Neonatal data revealed a mean birth weight of 3377.1 ± 434.33 g, with 56.52% of neonates being male. Most neonates were born between 39 and 40 weeks of gestation (31.88% and 49.28%, respectively). Low Apgar scores were observed in 5.80% of neonates (≤7 at 1 or 5 min) and in 1.45% of neonates (≤3 at 1 min or ≤5 at 5 min). Common clinical symptoms upon NICU admission included:
Fever: Observed in 40 cases. Respiratory distress: Reported in 34 cases, characterized by tachypnea and retractions. Lethargy: Documented in 18 cases, indicative of systemic infection. Hypotension: Diagnosed in 17 cases, suggesting compromised hemodynamic stability. Feeding intolerance: Noted in 45 cases, highlighting potential systemic or gastrointestinal complications. Laboratory findings: CRP levels were present in 89.86% of cases, and PCT levels were elevated in 85.51%.
The baseline maternal and neonatal characteristics for both the EOS and non-EOS groups are detailed in Table 1. Statistically significant differences between the two groups were observed for several key characteristics. Notably, mothers in the EOS group had significantly higher parity, weight at delivery, and pre-pregnancy/pregnancy BMI. Furthermore, the EOS group had significantly higher rates of complications, including hypertension, antiphospholipid syndrome, and anemia. For neonates, there were significant differences in the distributions of mode of delivery, gestational age at birth, and APGAR scores (all p < 0.01).
Maternal and neonatal characteristics.
Table 1 provides detailed maternal and neonatal characteristics.
Feature selection results
During the feature selection stage, we identified key predictors based on the coefficients derived from training the Lasso model. Features with non-zero coefficients were retained, and by ranking these coefficients by their absolute values, we pinpointed the 36 most influential features that significantly impacted the model's performance (Figure 2 shows the visualization of the feature screening process and the arrangement of important features). These features encompassed a range of prenatal and intrapartum clinical indicators, including peak temperature, number of vaginal examinations, parity, total labor duration, admission and recheck CRP levels at delivery, induction method, pregnancy BMI, recheck CRP and PCT levels at delivery, admission PCT, admission Lymphocytes, admission neutrophils, recheck neutrophils at delivery, recheck lymphocytes at delivery, recheck neutrophils lymphocytes at delivery, PROM (premature rupture of membranes), thyroid dysfunction, diabetes, painless to fever time, fever to delivery time, cervical dilation fever, fever duration, HBV, Gravidity, GBS, ICP, Prepregnancy BMI, painless delivery, hypertension, weight, admission temperature, amniotic fluid, pregnancy methods, age, antibiotics, uterine scar, anemia, and membrane-to-delivery time. A larger Lasso coefficient indicated a greater contribution of the feature to the model.
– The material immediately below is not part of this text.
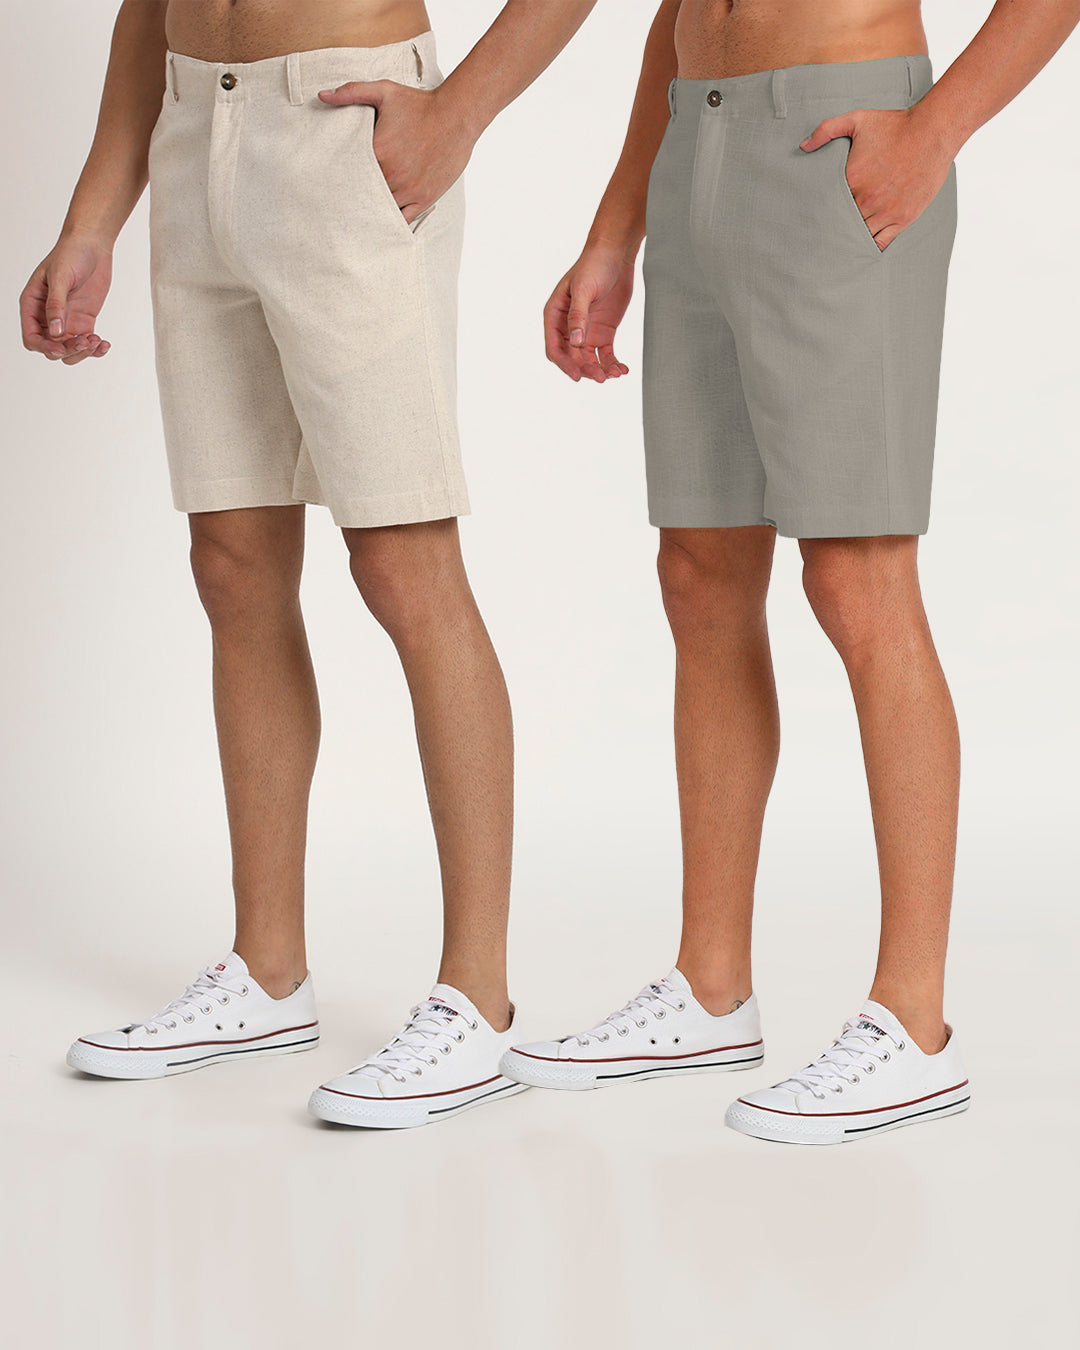 Combo : Ready For Anything Grey & Beige Men's Shorts
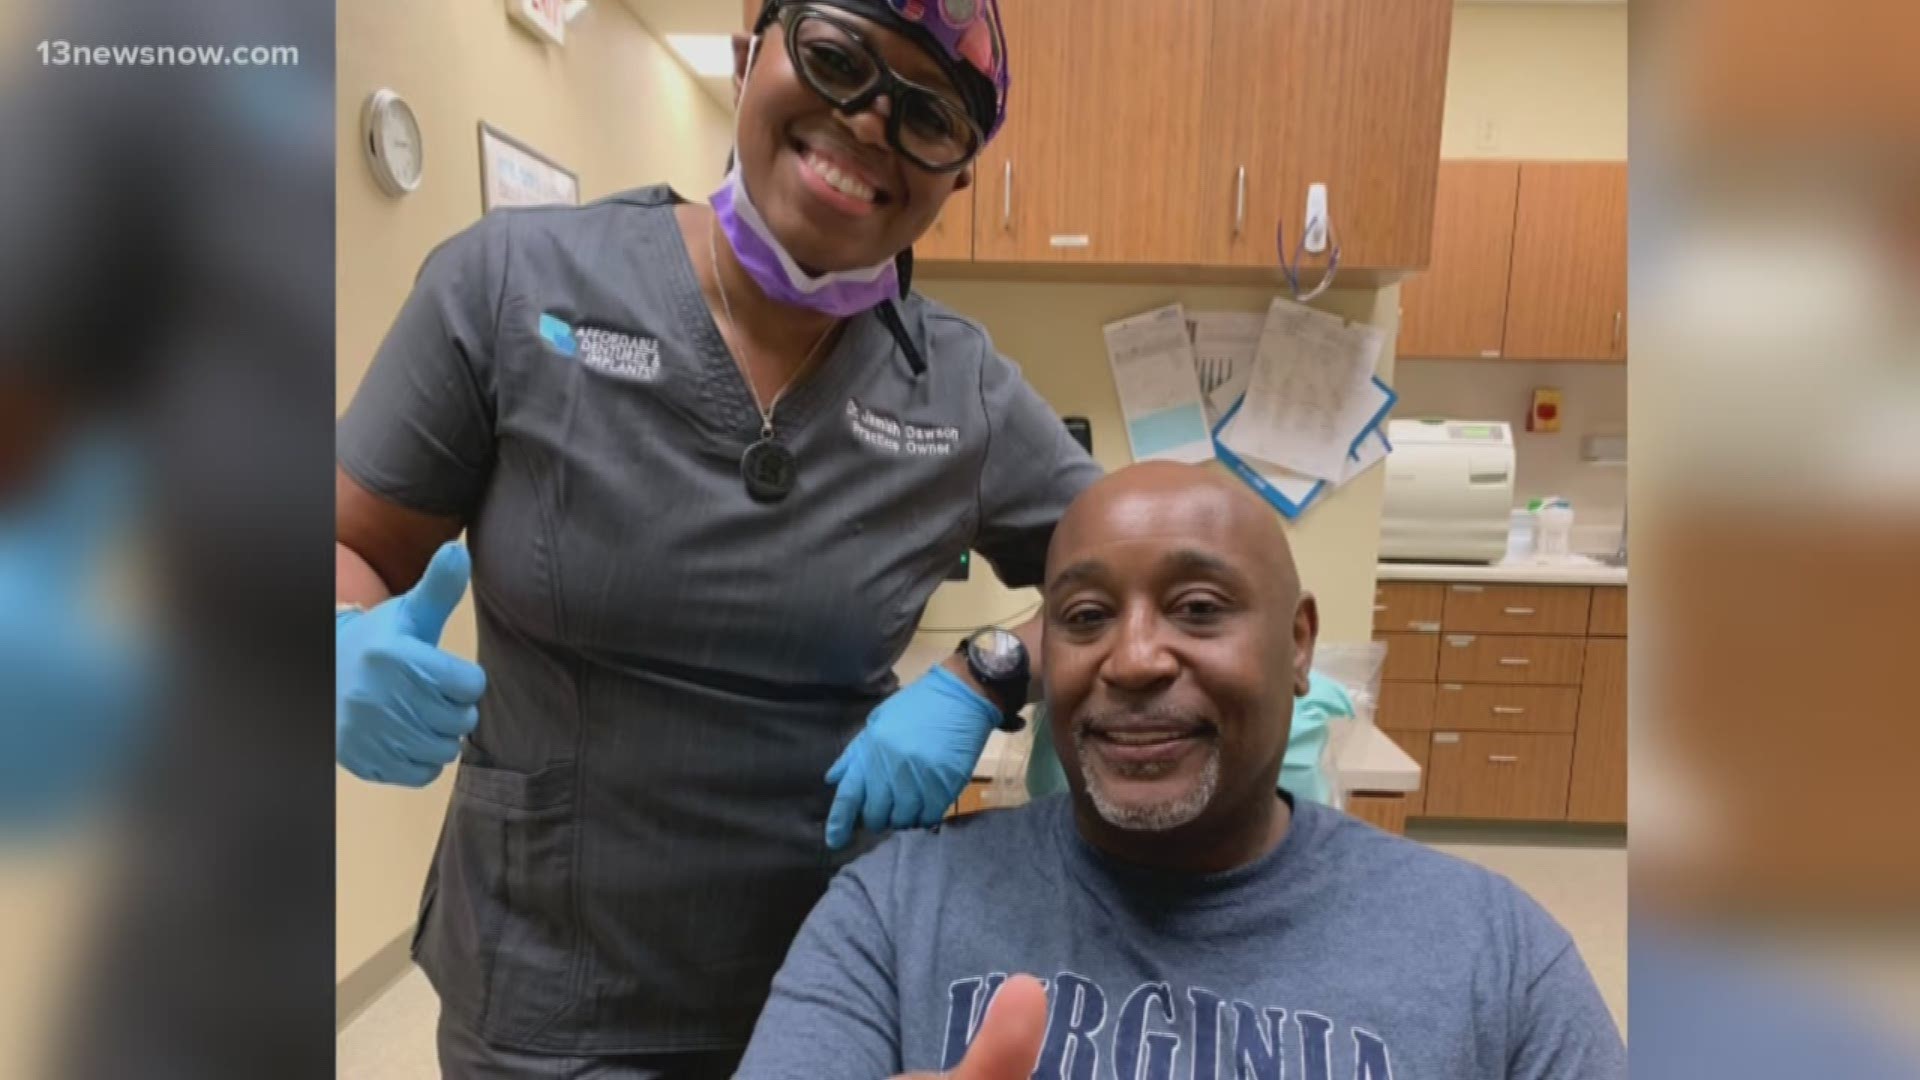 Newport News Dentist Jamiah Dawson, who is also a Navy veteran, helped Travis Arrington, another Navy veteran. She gave him back his smile.

Visualization of LASSO training iterations (A and B) and the distribution of selected feature importance rankings (C).
Among these, peak temperatures emerged as one of the strongest predictors of EOS risk, highlighting the critical role of febrile responses in the early identification of sepsis. The occurrence of PROM was also a significant predictor, as it increases the risk of infection and, consequently, the likelihood of EOS. CRP levels at delivery were vital indicators, elevated CRP levels (mean: 17.02 mg/L, median: 15.2 mg/L) with a threshold of ≥10 mg/L suggested an active inflammatory response, which is crucial in detecting EOS. Similarly, elevated PCT levels (mean: 0.74 ng/mL, median: 0.05 ng/mL) with a threshold of ≥0.05 ng/mL were highly relevant for predicting EOS, as they serve as reliable markers of bacterial infection. These findings underscore the importance of CRP and PCT as sensitive indicators for EOS risk. Lastly, pregnancy BMI was another key feature, with higher BMI values correlating with an increased risk of EOS, possibly due to complications related to maternal health.
Model evaluation results
Based on the ROC curve results shown in Figure 3(A) and the accuracy results presented in Table 2, the XGBoost and Random Forest models stand out as the best-performing models with an AUC of 0.87 and 0.86, respectively. Both models demonstrate strong discriminative power, indicating their effectiveness in identifying EOS cases. Gradient Boosting also performed well with an AUC of 0.85, highlighting its robustness. Furthermore, a bootstrap validation was performed to provide a more conservative estimate of performance. The apparent AUC on the full dataset was 1.000. After 200 bootstrap iterations, the average optimism was calculated to be 0.022. This resulted in an optimism-adjusted AUC of 0.978. This result suggests that the model's performance is robust and the estimate from 5-fold cross-validation is reliable and not substantially inflated by optimism.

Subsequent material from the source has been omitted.